После смерти родителей Вива часто гостила на Рождество в домах людей, которых едва знала: кузин, а однажды, когда никого не удалось найти, с их школьным садовником, чья бездетная жена дала ясно понять во время угрюмого рождественского завтрака, что за кусок индейки неплохо бы и заплатить.
И когда к ней пришло приглашение от Тори – в виде картонного слона, на котором она написала: «Рождество в Амритсаре – приезжай!» – она поначалу хотела отказаться. Она страстно ненавидела Рождество, да и без него чувствовала себя ужасно.
Ее спасение от мистера Азима обошлось ей дорого: пять стежков на шраме над глазом, трещина в ребре, головные боли и бессонница. Она утратила уверенность в себе. С ней обстоятельно побеседовал сержант Баркер, раздраженный шотландец, обливавшийся потом в своем мундире. Он дал ей понять, что раз она, одинокая женщина, предпочла жить в одном из наименее благополучных пригородов Бомбея и игнорировала рекомендации британский властей, вот она и получила свое; еще ей повезло, что она осталась жива.
Но им с Дейзи по крайней мере удалось найти для Гая комнату в бомбейской платной лечебнице. Доктор Ратклифф, мягкий, сухопарый человек, управлявший ею, был когда-то жертвой горчичного газа и успешно лечил пациентов с нервными расстройствами. Он тоже считал, что форма деменции у Гая, возможно, являлась разновидностью шизофрении. Он дал Дейзи и Виве статью на эту тему, автор которой, доктор Бойла, утверждал, что на это состояние, которое когда-то считалось симптомом сверхактивного, даже дегенеративного мозга, следует смотреть с большим сочувствием. «Недостаточно, – сказал Ратклифф, когда показывал им территорию, – просто написать «чокнутый» о пациенте, как делают некоторые мои коллеги. Мы должны найти для него если не лечение, то хотя бы щадящий образ жизни».

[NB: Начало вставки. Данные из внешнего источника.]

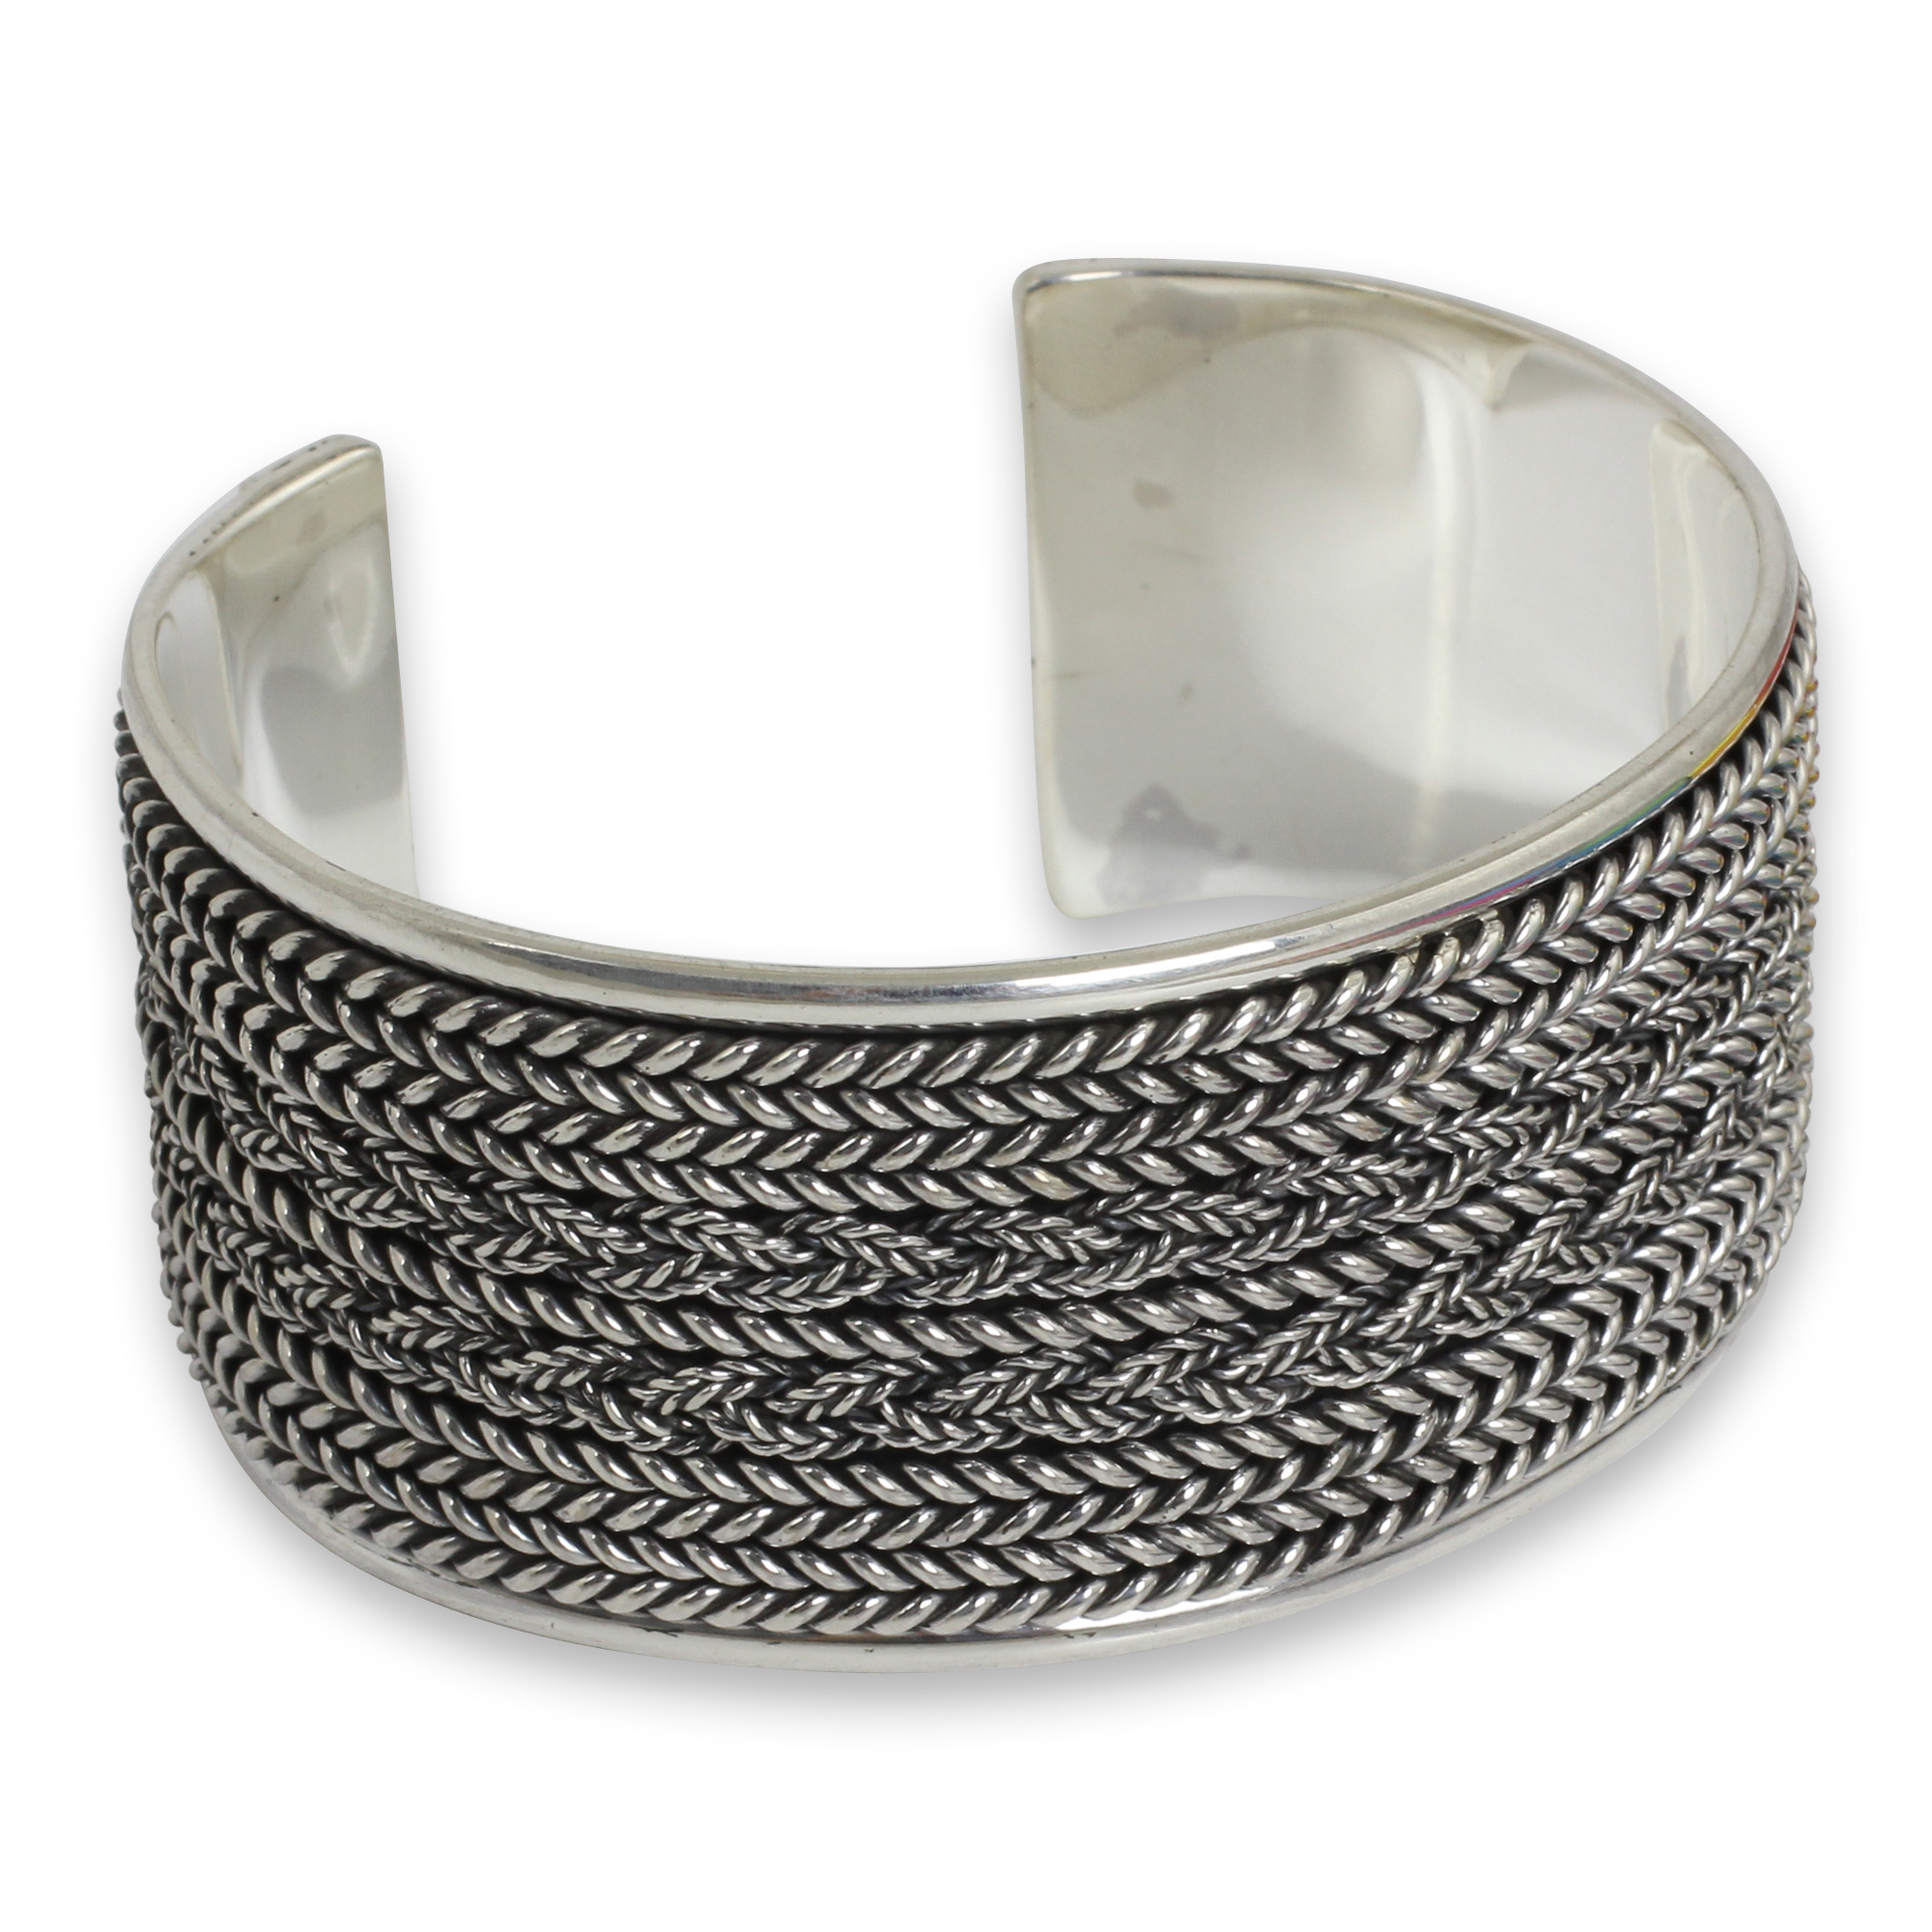 Hand Crafted Sterling Silver Cuff Bracelet - Wicker Weave | NOVICA

Гая поместили в спокойную, солнечную комнату на краю двора. Для него составили режим дня, состоявший из приема пищи и физических упражнений. Окно комнаты выходило в маленький сад, в котором Гай любил трудиться.
Немного поправившись, Вива стала его навещать. Они вместе сидели во дворе, пили лимонад, и в ее последний визит он сказал: «Прости, что я обижал тебя. Я не хотел». Таким спокойным она его еще не видела. Он хорошо владел собой и казался счастливым.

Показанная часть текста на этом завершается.